I have pushed the new commit that should fix this issue. The valid SOC values are only reported on node # 0 and Core values on node # 1 // edit: it should fix Zen/Zen+ threadrippers and EPYCs

ocerman commented 4 years ago

It would be nice if any 1st/2nd gen Threadripper user ( @terroreek @sitic @SecretChief ) could test this.

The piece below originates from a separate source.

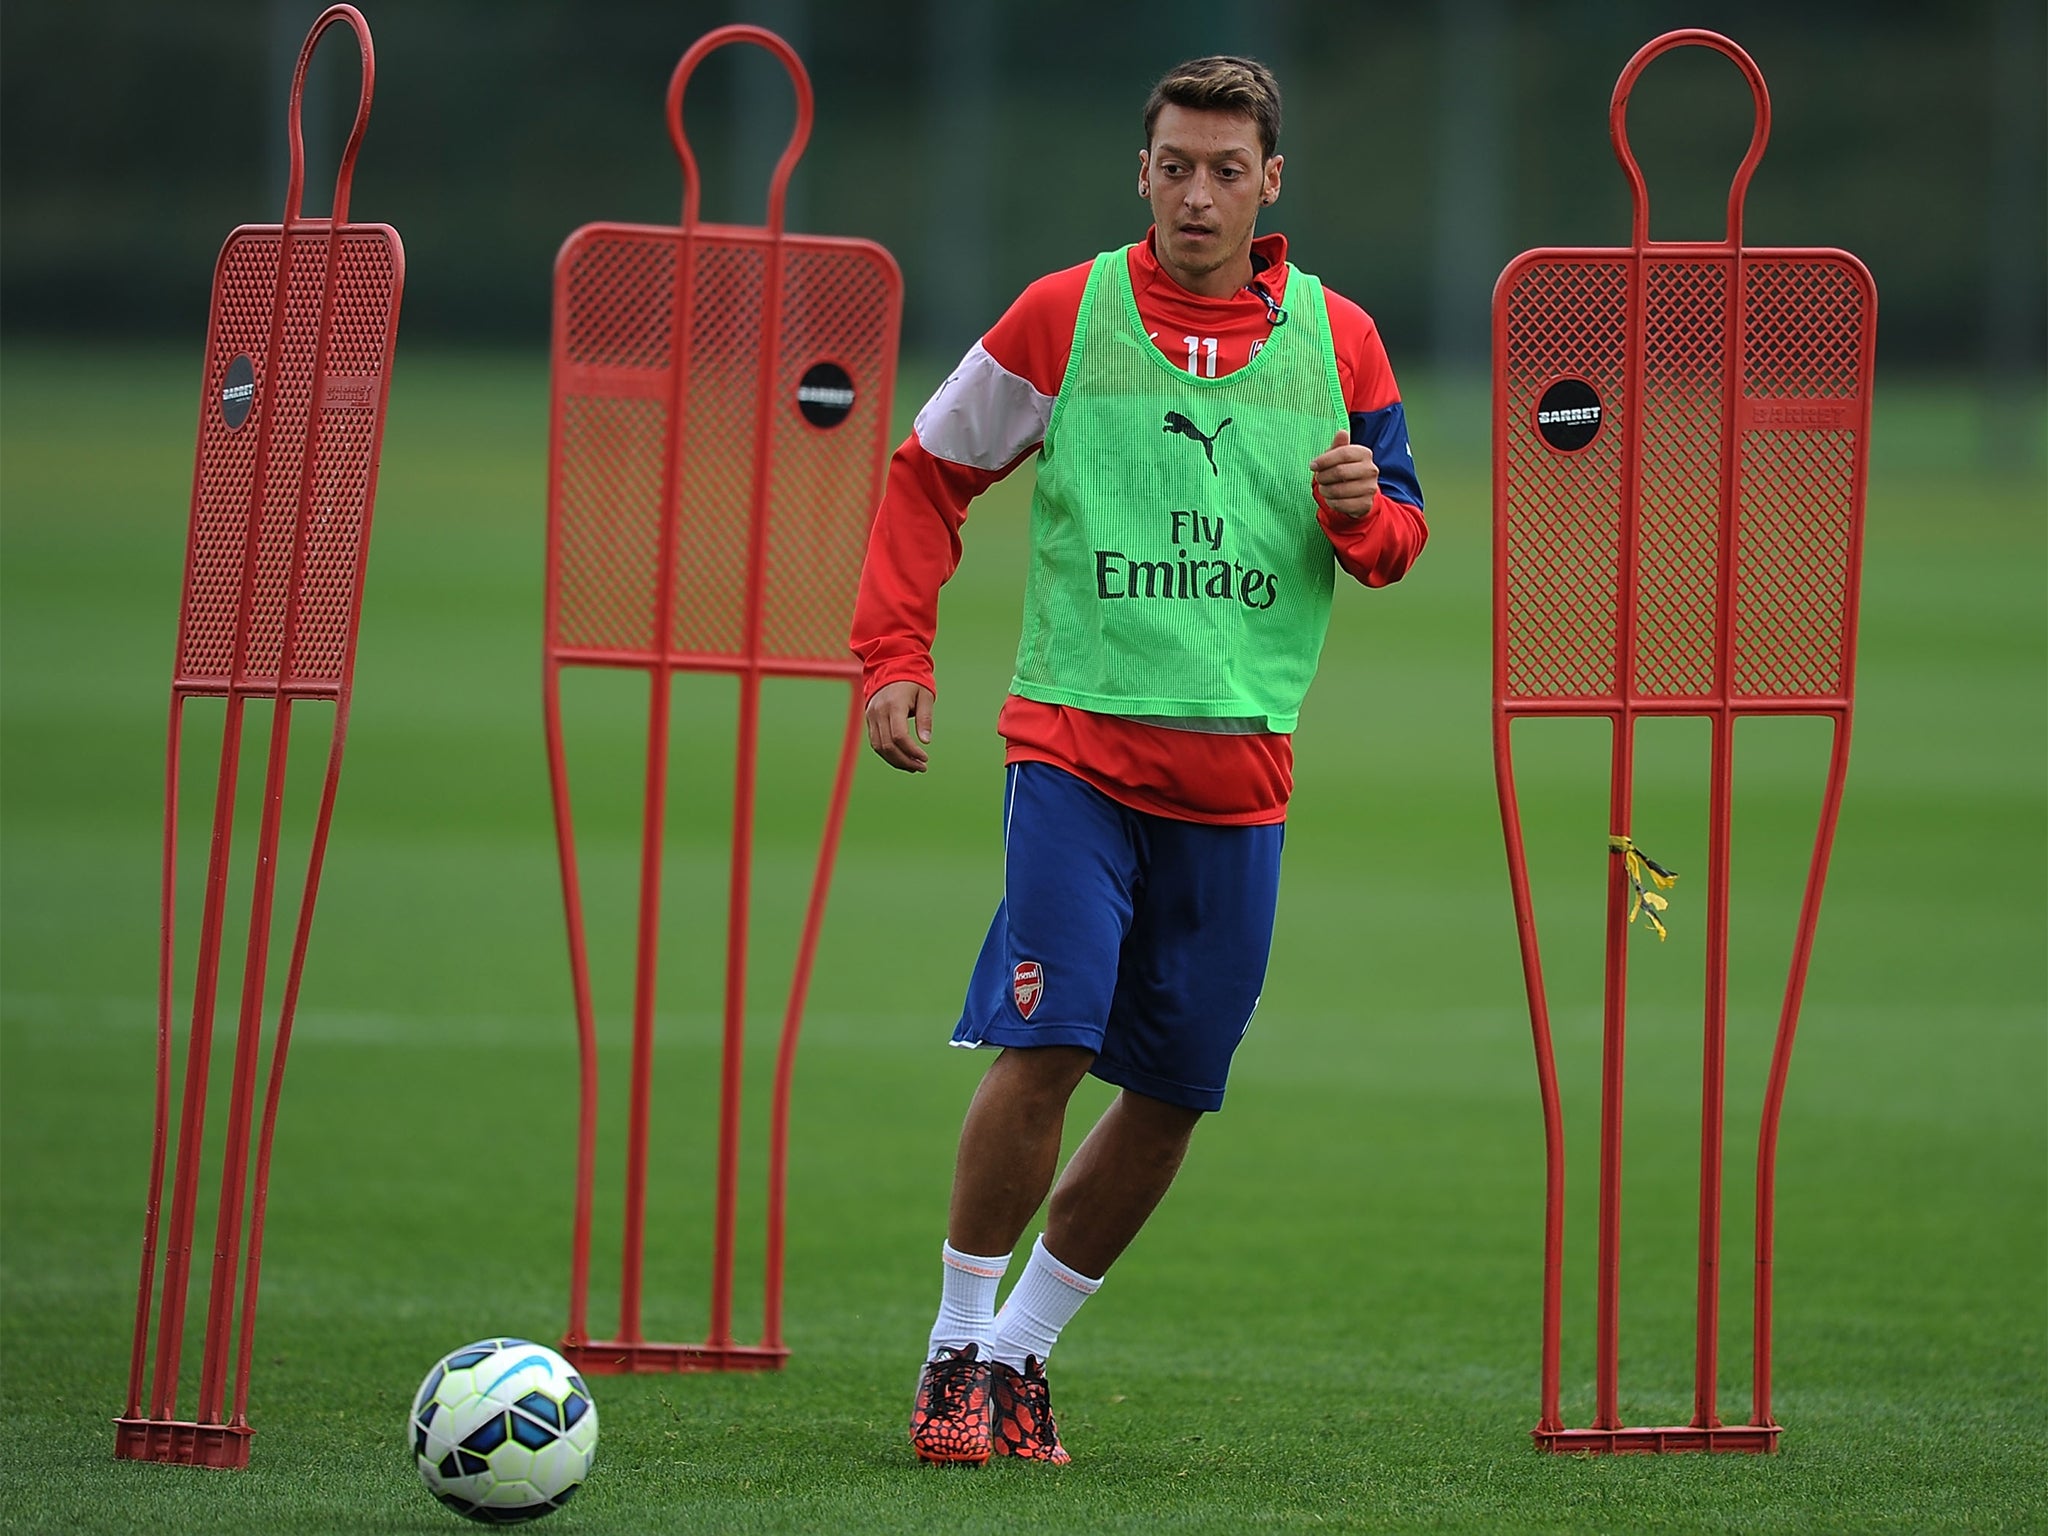 Mesut Özil trains this week ahead of a possible return to Arsenal’s squad to face Everton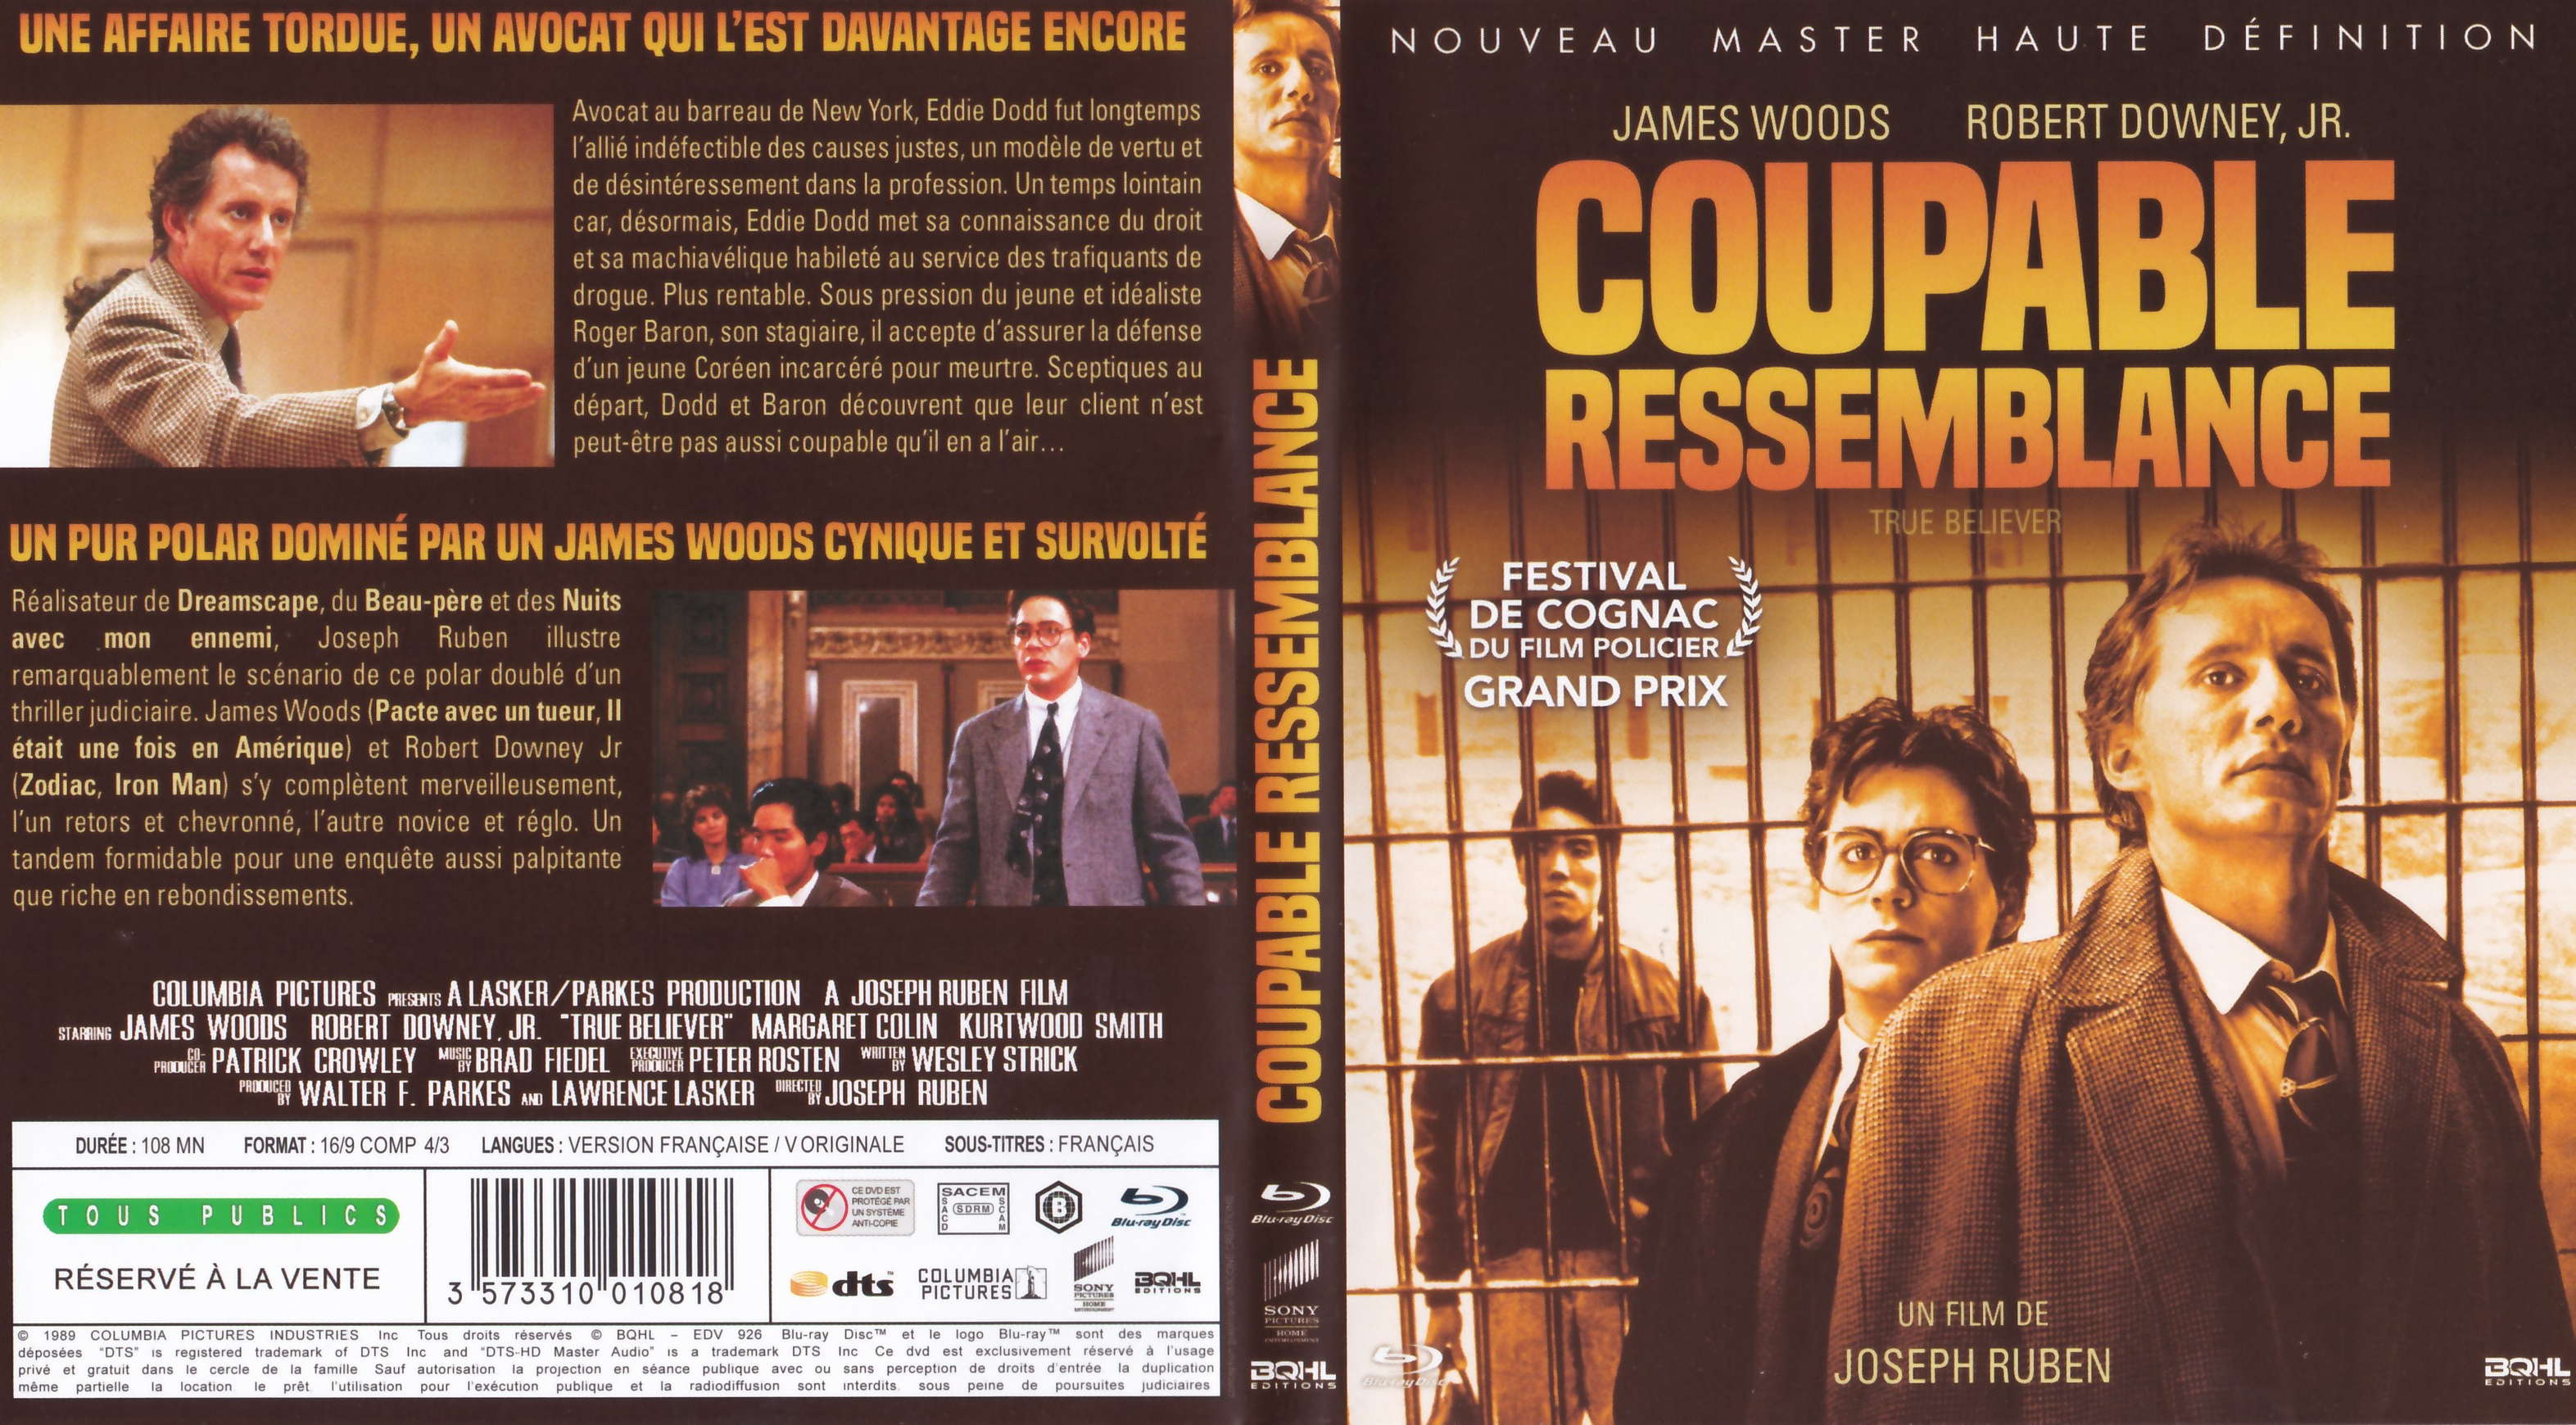 Jaquette DVD Coupable ressemblance (BLU-RAY)

terroreek commented 4 years ago

@ocerman I'll try to get that for you on my 2nd Gen TR, I'll try to get that for you on the weekend. On my 3960x, I have the following from zenpower;

zenpower-pci-00c3
Adapter: PCI adapter
SVI2_SoC:      1.08 V  
Tdie:         +49.1°C  (high = +95.0°C)
Tctl:         +49.1°C  
Tccd1:        +36.0°C  
SVI2_P_SoC:   24.20 W  
SVI2_C_SoC:   22.37 A  
sitic commented 4 years ago

TR 2950X, seems to work great, thanks!

zenpower-pci-00c3
Adapter: PCI adapter
SVI2_SoC:    825.00 mV 
Tdie:         +67.6°C  (high = +95.0°C)
Tctl:         +94.6°C  
SVI2_P_SoC:   18.45 W  
SVI2_C_SoC:   22.37 A  

zenpower-pci-00cb
Adapter: PCI adapter
SVI2_Core:     1.16 V  
Tdie:         +67.5°C  (high = +95.0°C)
Tctl:         +94.5°C  
SVI2_P_Core: 163.52 W  
SVI2_C_Core: 143.41 A 

asuswmisensors-isa-0000
Adapter: ISA adapter
CPU Core Voltage:          1.18 V  
CPU SOC Voltage:         850.00 mV 
DRAM AB Voltage:           1.16 V  
DRAM CD Voltage:           1.18 V  
1.8V PLL Voltage:          1.77 V  
+12V Voltage:             11.90 V  
+5V Voltage:               4.93 V  
3VSB Voltage:              3.29 V  
VBAT Voltage:              3.18 V  
AVCC3 Voltage:             3.29 V  
SB 1.05V Voltage:          1.06 V  
CPU Core Voltage:          1.12 V  
CPU SOC Voltage:         820.00 mV 
DRAM AB Voltage:           1.20 V  
DRAM CD Voltage:           1.20 V  
[...]
CPU Temperature:          +67.0°C  
CPU Socket Temperature:   +52.0°C  
[...]
CPU VRM Output Current:  132.00 A  

I'll note that asuswmisensors reports two sets of values via the WMI interface of the UEFI because they are from two different sources apparently, see electrified/asus-wmi-sensors#4.

ocerman commented 4 years ago

@sitic looks good, thanks.

I will let this opened for a while and if no problems will be reported in the next few days, I will close this issue.